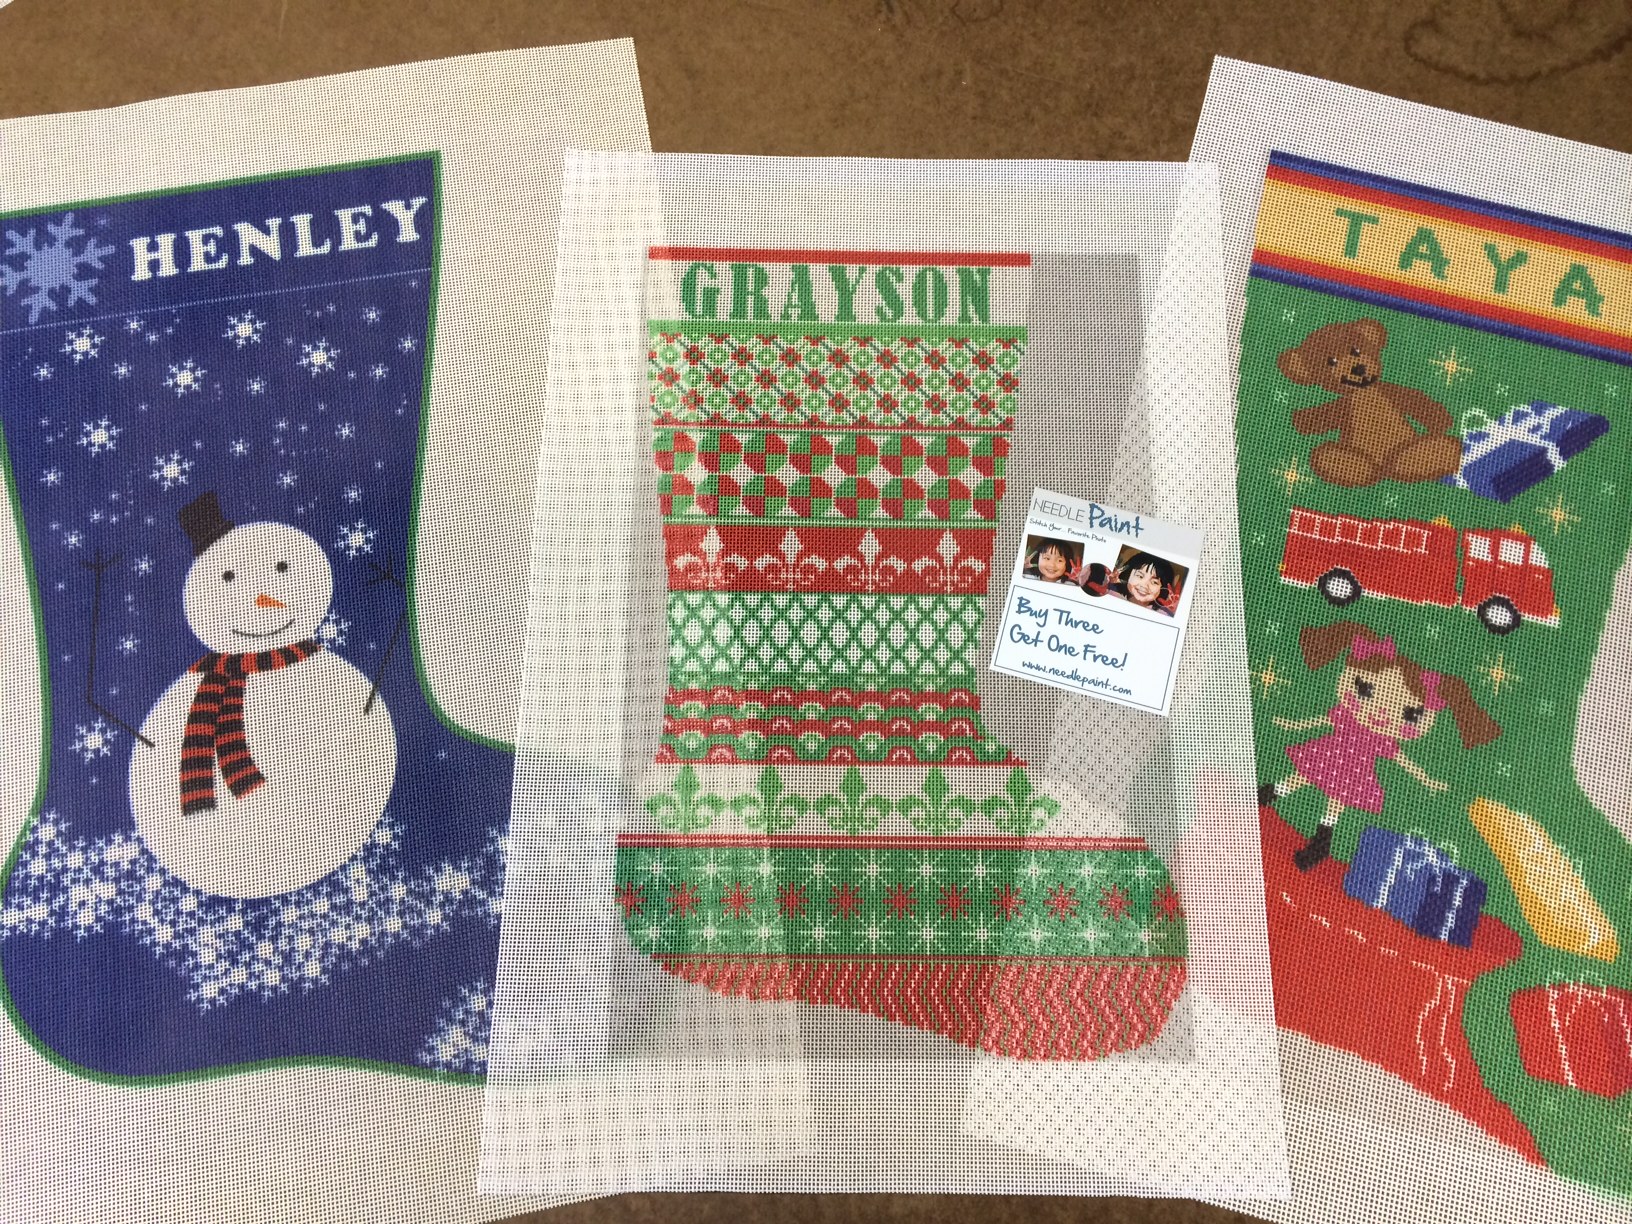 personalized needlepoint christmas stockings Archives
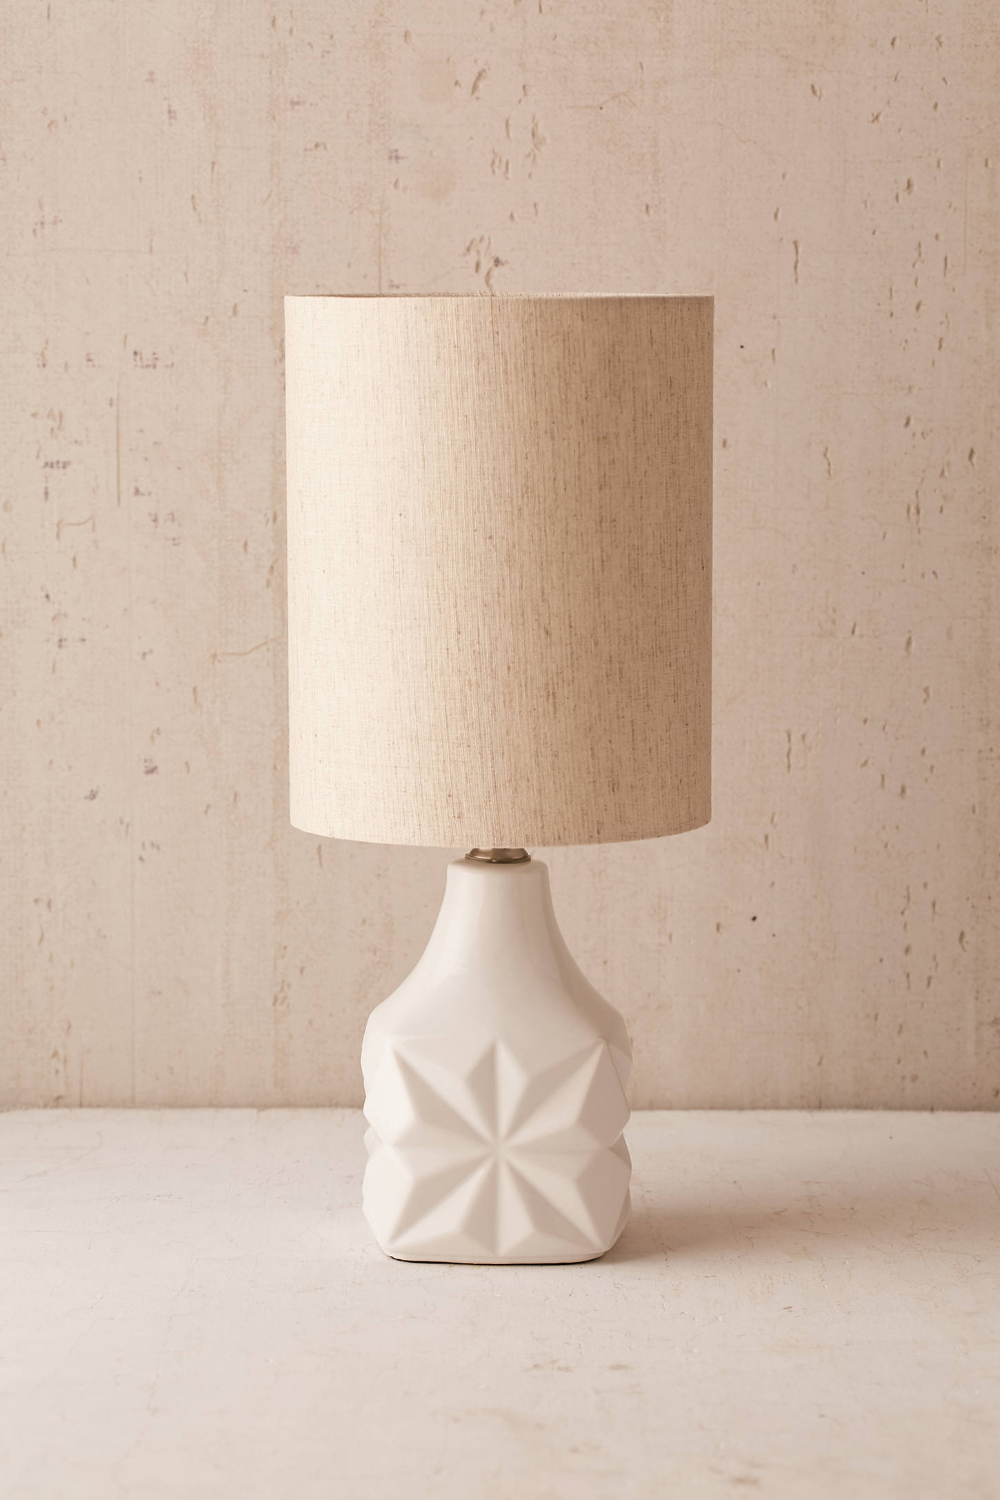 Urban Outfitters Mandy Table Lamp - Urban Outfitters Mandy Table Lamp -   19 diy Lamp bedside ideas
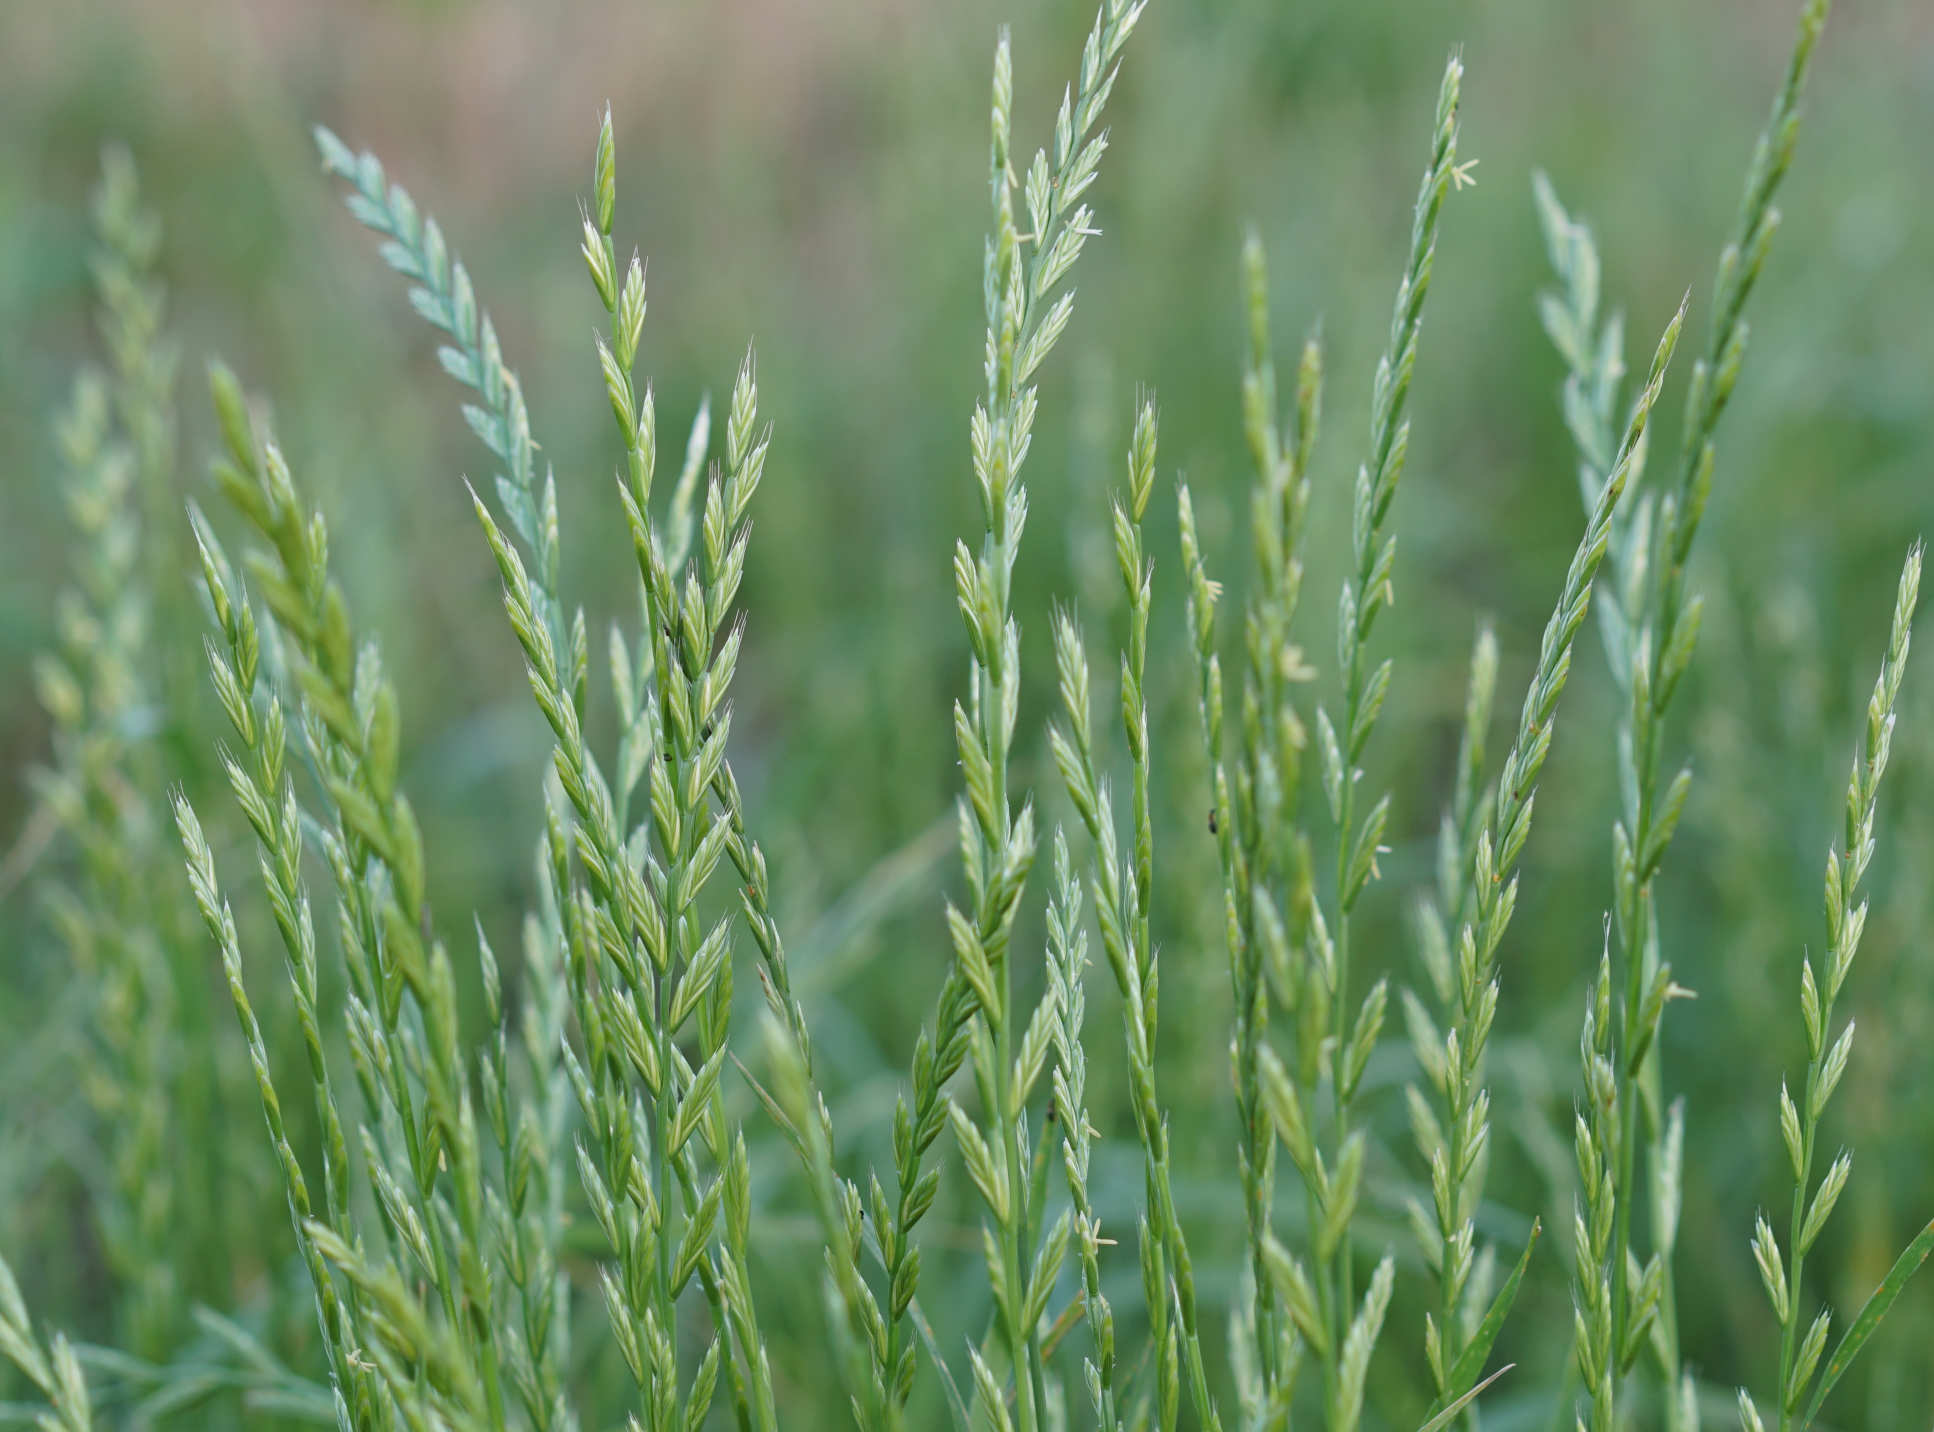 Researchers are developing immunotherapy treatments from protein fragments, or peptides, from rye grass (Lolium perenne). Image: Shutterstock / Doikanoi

EXERCISE DIRECTIONS
Print the data once more without any change, skipping each picture.

EXERCISE RESPONSE
 personalized needlepoint christmas stockings Archives
 Urban Outfitters Mandy Table Lamp - Urban Outfitters Mandy Table Lamp -   19 diy Lamp bedside ideas
 Researchers are developing immunotherapy treatments from protein fragments, or peptides, from rye grass (Lolium perenne). Image: Shutterstock / Doikanoi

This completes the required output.